Electronic circuit boards typically include a substrate supporting a plurality of electrical components. Conductive interconnects extend between and are configured to electrically connect the electrical components. The interconnects are typically formed of a material and with a desired geometry to have a capacity suitable to transfer signals between the electrical components as required for the particular application for which the interconnect is being utilized. More specifically, the interconnects are defined with a conductivity, resistance, diameter, and length to reliably transfer signals between components within a desired time frame. The interconnects are typically formed of conductive wire, such as copper wire, gold wire, aluminum wire, etc. soldered to and/or embedded within the substrate and extending between the respective electrical components, such as an integrated circuit, solder pad, lead, via, etc.

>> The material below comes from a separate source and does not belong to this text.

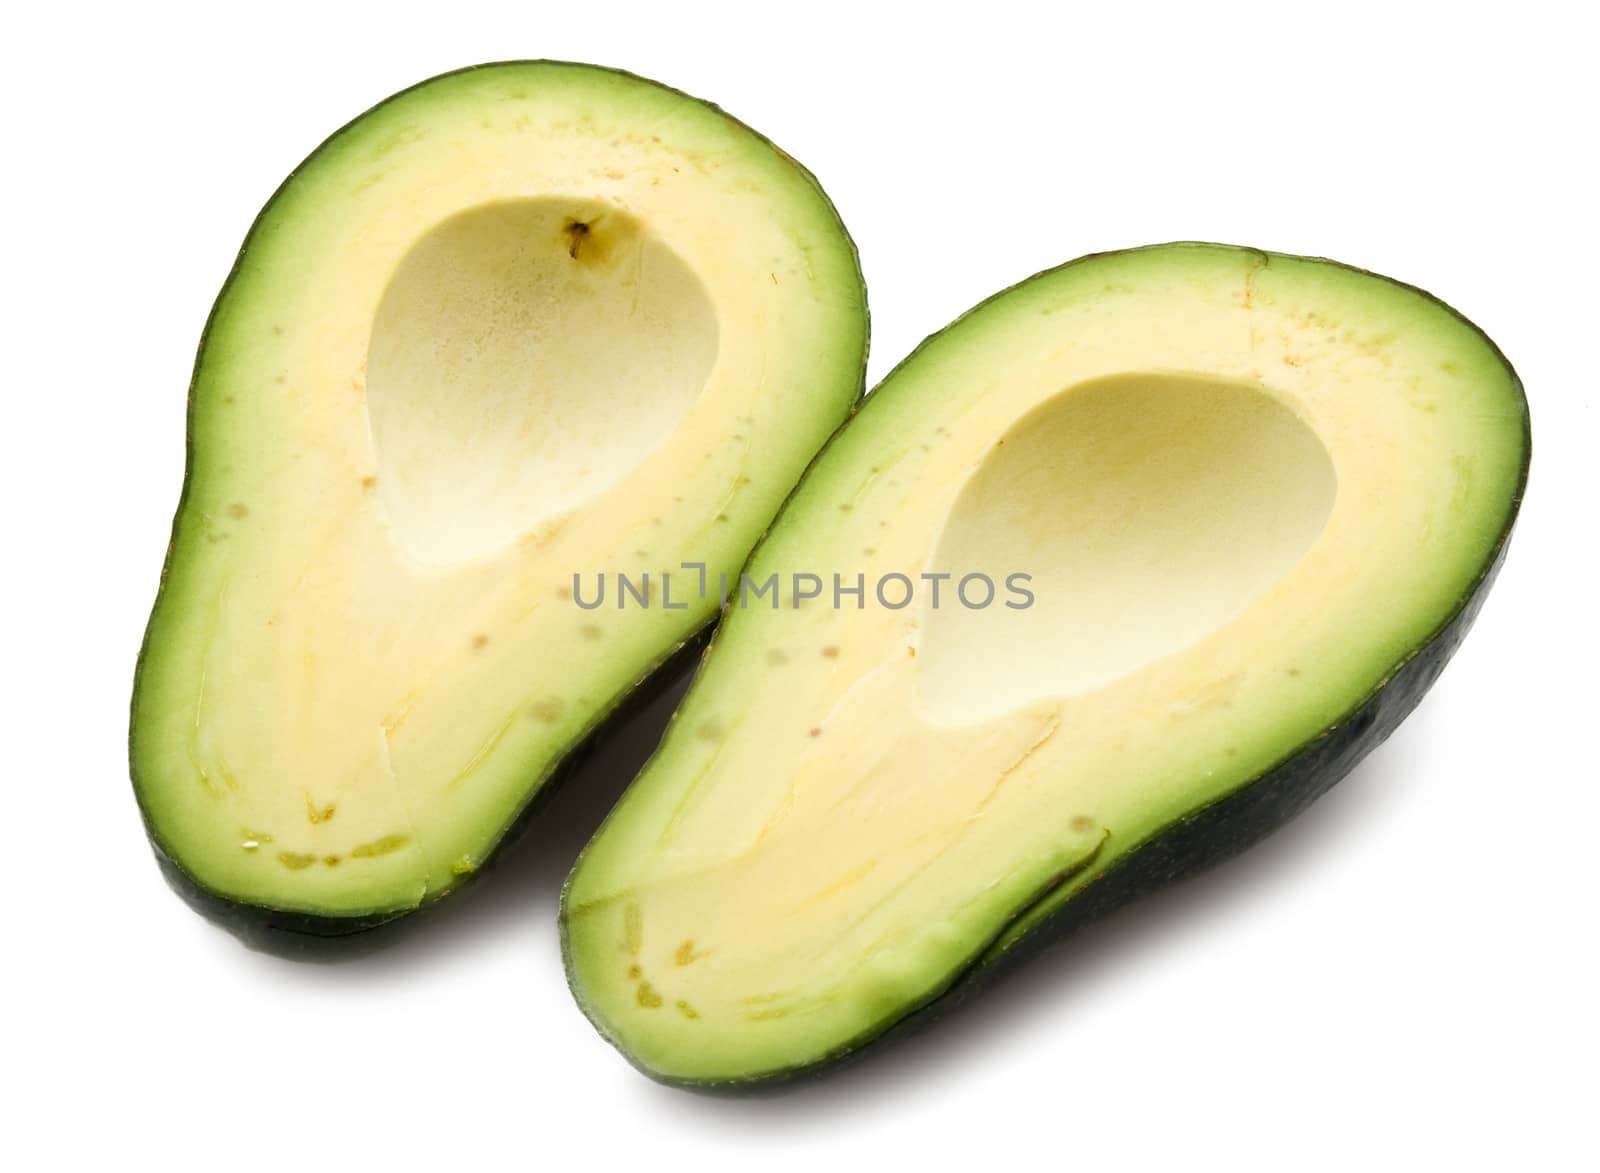 Fresh green avocado isolated on white background

As computer systems continue to decrease in size, it is desirable that circuit boards also become smaller. By decreasing the size of the circuit board, routing of interconnects between the various components on the substrate becomes increasingly difficult. More particularly, each of the interconnects must be placed closer to one another, which can lead to unwanted interference between the interconnects. In some instances, the close proximity between interconnect creates layout and other manufacturing problems.

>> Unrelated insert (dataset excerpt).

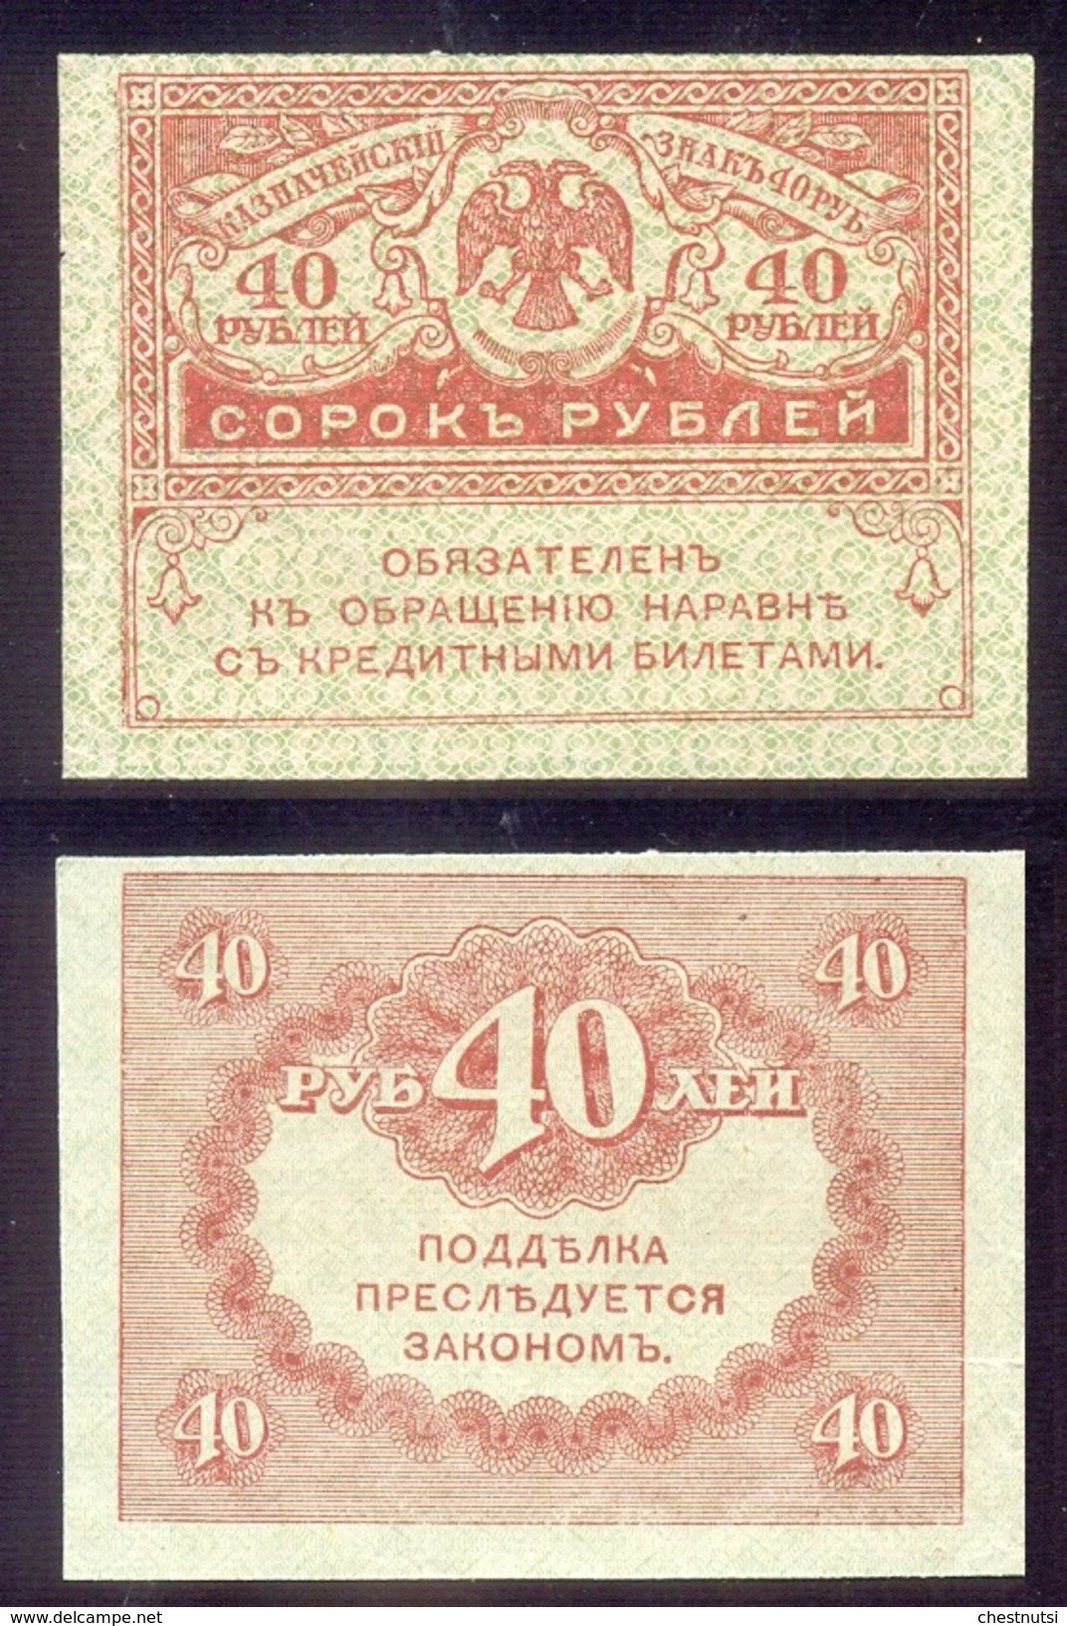 Russia 40 Rubles ND(1917) P42 AUNC - Russia

For example, interconnects are typically placed upon and soldered to the substrate in a series of solder points along the length of the interconnect. As such, a soldering instrument must be able to access each interconnect to apply the solder. As interconnects are moved closer and closer together, it becomes more difficult for solder to be applied to each respective interconnect without applying solder to the neighboring interconnects. As such, a need exists for a generally precise method of installing interconnects between components upon a substrate surface.